War Time Photo Restoration

All keyboard shortcuts are for PC. I don’t have a Mac, but as far as I know the main difference is use of the COMMAND key and OPTION key on a Mac instead of the CTRL key and the ALT key on a PC.
War-time photo restoration: before and afterThis is the photo to be restored. It is slightly damaged; the contrast is very poor. In fact, there is a sunny day – but you can hardly guess it looking at the unretouched photo.

I tried to keep old photo look and therefore decided not to remove all the scratches and imperfections. Besides, I added a little color to increase the effect.

Move you mouse over the image to see restoration result.

Step 1. Scanning the photo.

Never ever scan grayscale photos in grayscale scanner mode!

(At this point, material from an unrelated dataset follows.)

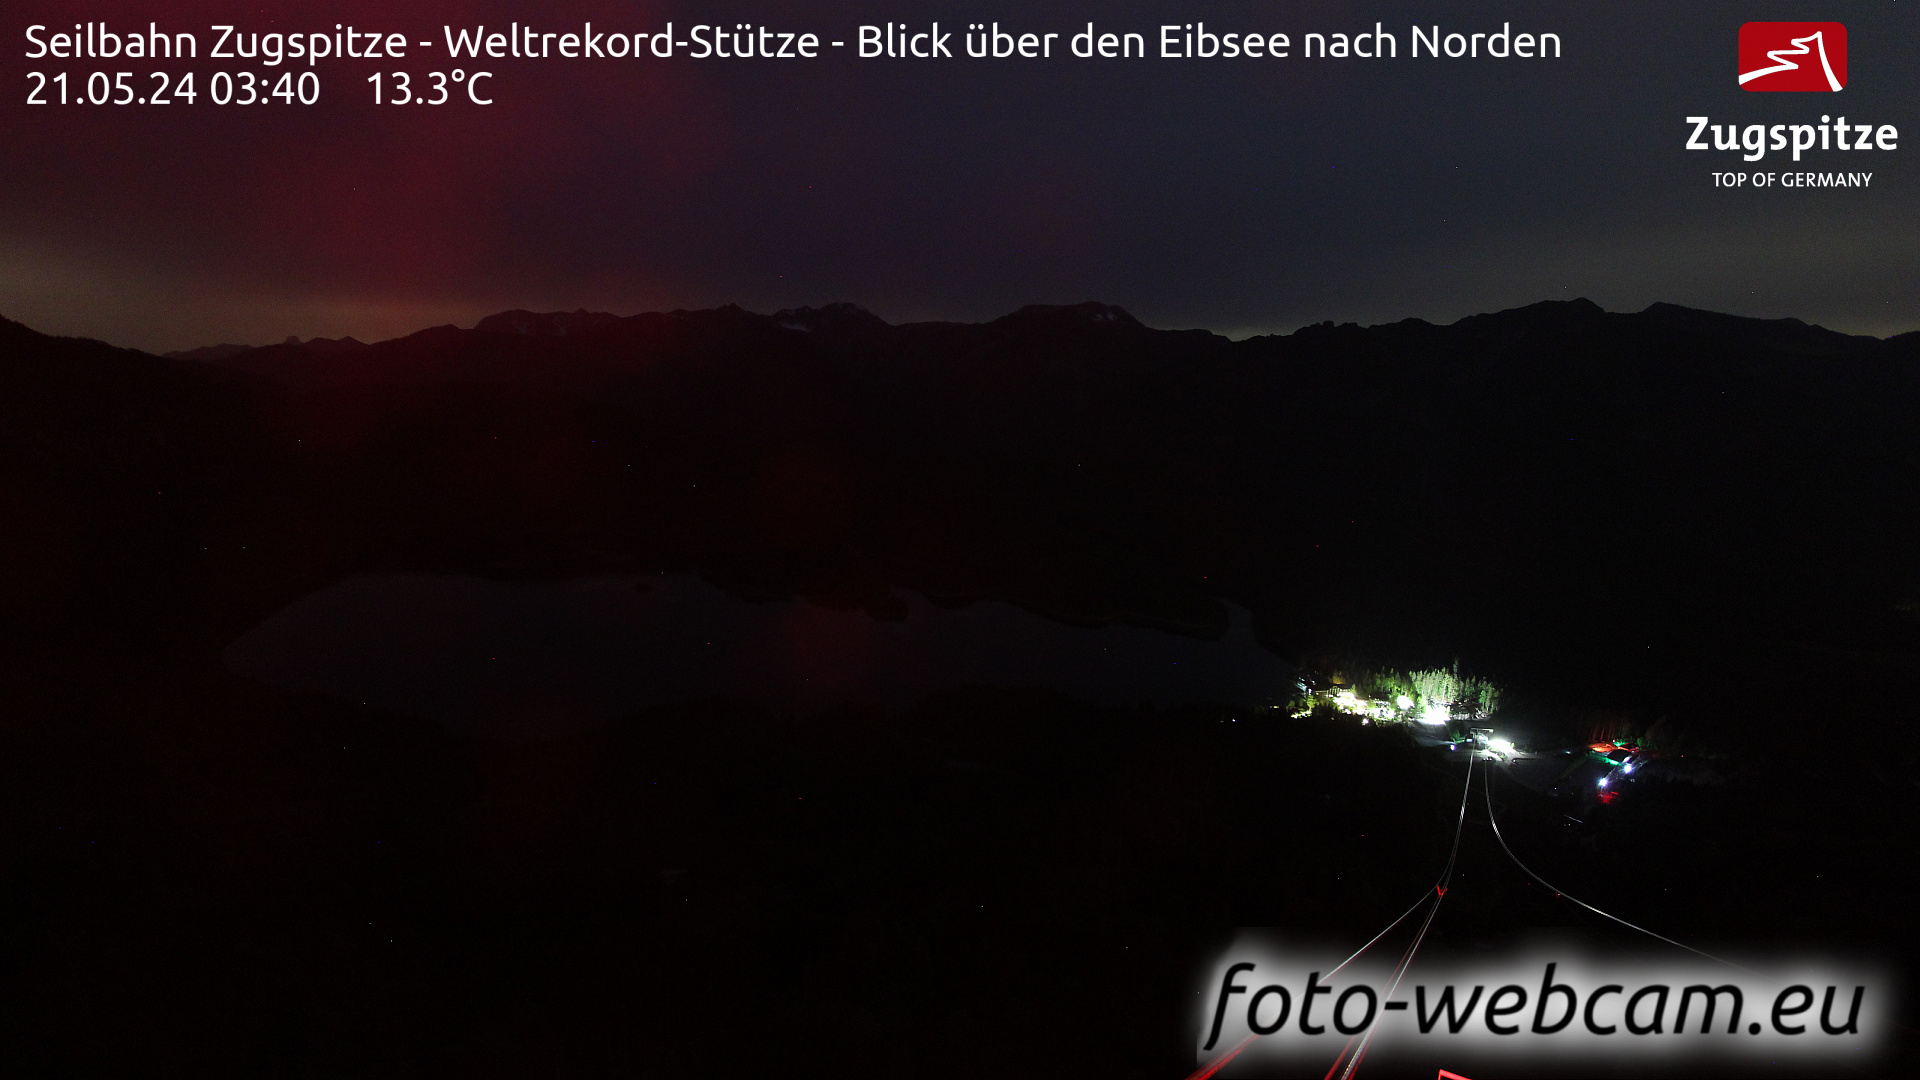 Zugspitze Ons. 03:49

Though the image may have no color, ALWAYS scan in RGB. That may depend on the particular scanner, but usually grayscale-scanned images are much more noisy.

Just move your mouse over the image to compare amount of digital noise when scanning in grayscale vs scanning in RGB.

Scanning resolution is not so critical. Usually 300 dpi is enough.

Step 2. Use “Levels” to adjust contrast.

Press CTRL-L for “Levels” adjustment. Old photos usually have rather narrow dynamic range. Move white point and black point markers to the positions where histogram begins to show presense some light or dark pixels.

Step 3. Remove scratches and correct damaged areas.

First of all use Filter – Noise – Dust and Scratches to remove most little scratches. I used radius of 4 pixels and 20 levels for threshold.

Dust and Scratches filter settings are very individual and vary greatly depending on the photo. For your own old photo retouching first choose the smallest radius that removes most scratches and then adjust threshold to remove artifacts.

Then use Patch tool and Healing Brush tool to work out more damaged areas. Press J and SHIFT-J to switch between the tools.

Step 4. Sharpen the image.

Great tool for sharpening (and most used one) is Unsharp Mask, or USM.

I used it twice. First with large radius and small amount for increasing overall image contrast (10%, 60 pixels). Then with small radius and considerable amount to increase local contrast (40%, 1.6 pixels).

Move your mouse over the image to compare “before” and “after” sharpening.

Step 5. Adjust Shadows/Highlights.

Shadow/Highlight is very powerful tool for quick correction of darker image areas. I used it to emphasize “sunny” feeling. The most important Shadow/Highlight parameter is Shadows amount (I used 15% for this image). You may also experiment with Tonal Width amount.

Step 6. Add little color.

Press CTRL-U for Hue/Saturation adjustment. I checked “Colorize” and set Hue to 40 and Saturation to 10.

  1. Susan Linchevsky says:

    Wonderful information for a beginner and very understandable.